As described above, according to the present invention,
The oxidation resistance film covers the inner wall near the upper edge of the groove exposed from the silicon oxide film, which is the capacitor electrode, so that stress due to the oxidation process does not occur at this part, so the electrical characteristics of the memory cell are improved. It is possible to provide a semiconductor memory device that achieves miniaturization of a memory cell without deterioration of the memory cell.

[Brief description of drawings]

FIG. 1 is a sectional view of a structure according to an embodiment of the present invention.

FIG. 2 is a first cross-sectional view showing the manufacturing process of the configuration of FIG.

3 is a second cross-sectional view showing the manufacturing process of the configuration of FIG. 1. FIG.

FIG. 4 is a first cross-sectional view showing the structure of a conventional memory cell having a groove-type capacitor electrode.

FIG. 5 is a second cross-sectional view showing the configuration of a memory cell having a conventional groove-type capacitor electrode.
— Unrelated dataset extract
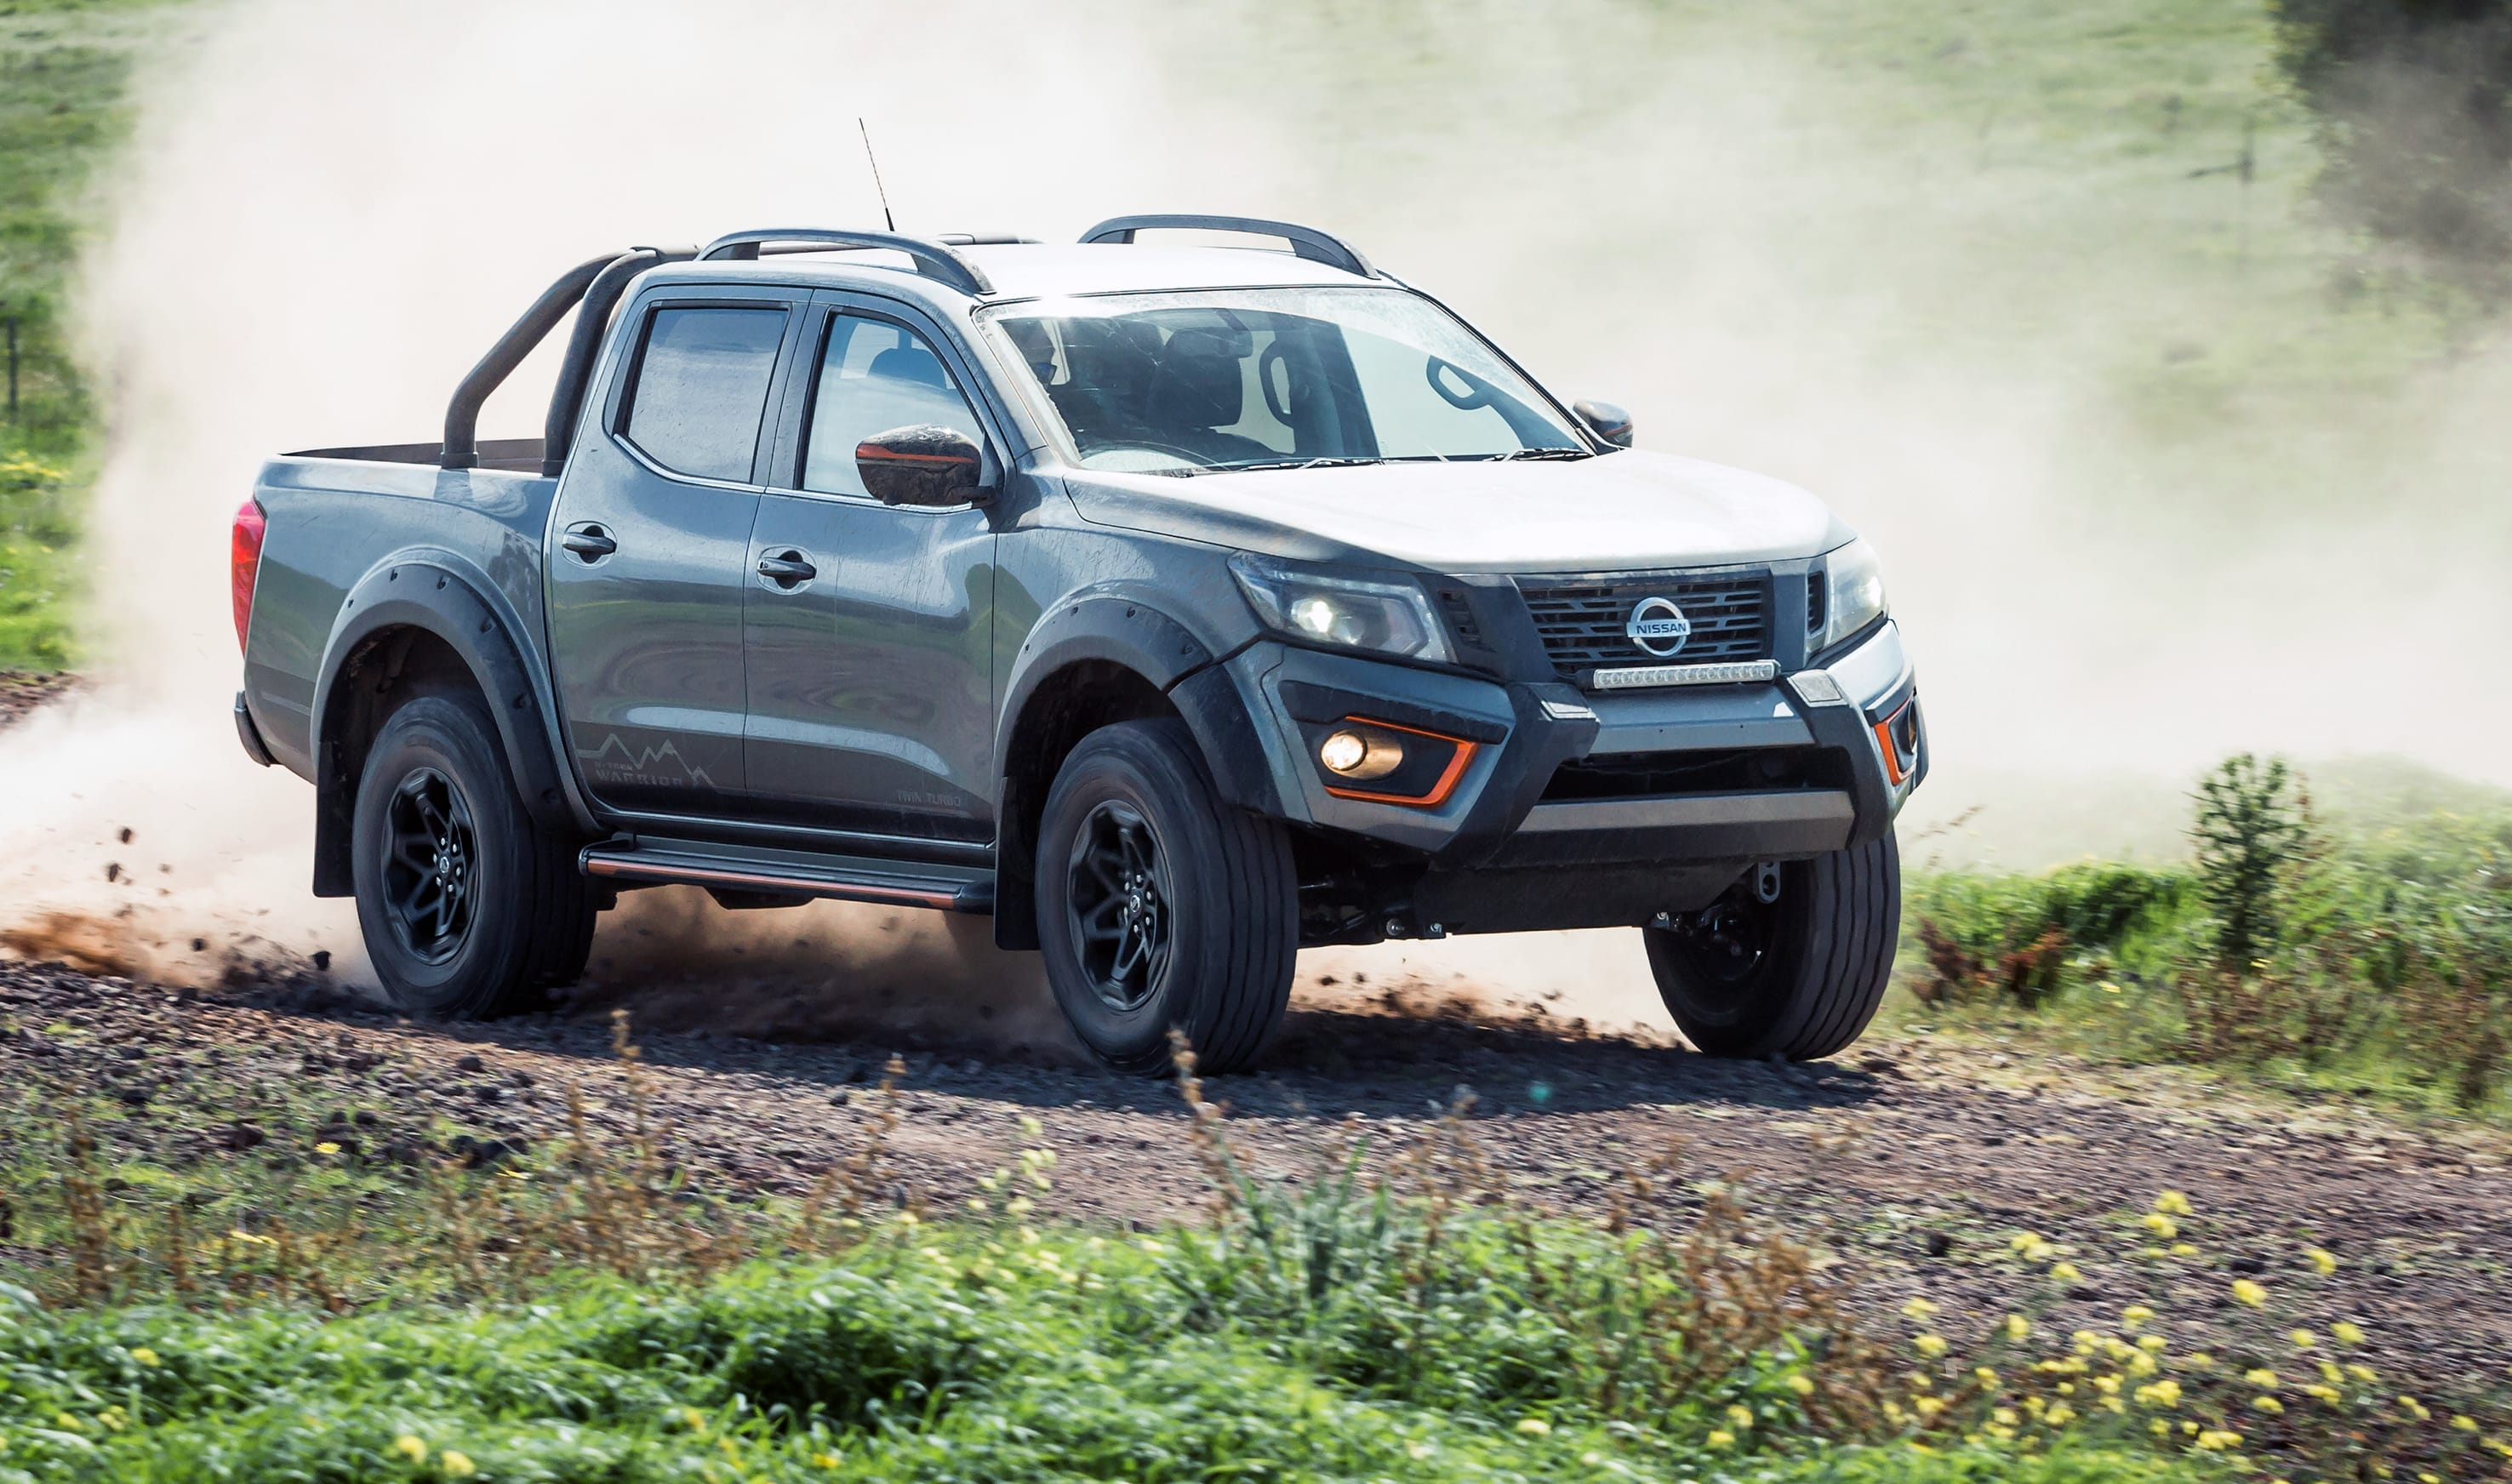 2020 Nissan Navara N Trek Warrior Review Suspension Test

[Explanation of symbols] 11 ... P-type silicon substrate, 12 ... Field oxide film, 13 ...
Grooves, 14, 18 ... N ⁺ -Type impurity layer, 16 ... Capacitor oxide film,
17 ... Polycrystalline silicon film, 20 ... Gate electrode, 21 ... Gate oxide film, 22 ... Interlayer insulating film, 23 ... Contact hole, 24 ... Aluminum wiring, 25 ... Silicon oxide film, 26 ... Resist film, 27 ... Silicon nitride film .

Claims (1)

[Claims] 1. A groove formed in a semiconductor substrate, a conductive layer formed on a surface of an inner wall of the groove to serve as one capacitor electrode, and a capacitor insulating film formed on an inner wall of the groove in which the conductive layer exists. A transistor for data transfer, which is on the substrate adjacent to the upper edge of the groove and has a gate electrode on the conductive layer, and another capacitor electrode which is insulated from the substrate by the capacitor insulating film and is embedded in the groove. A conductive film; and a film having oxidation resistance that covers the inner wall near the upper edge of the groove exposed from the conductive film and prevents the conductive film from directly contacting the capacitor insulating film near the upper edge of the groove. A semiconductor memory device characterized by the above.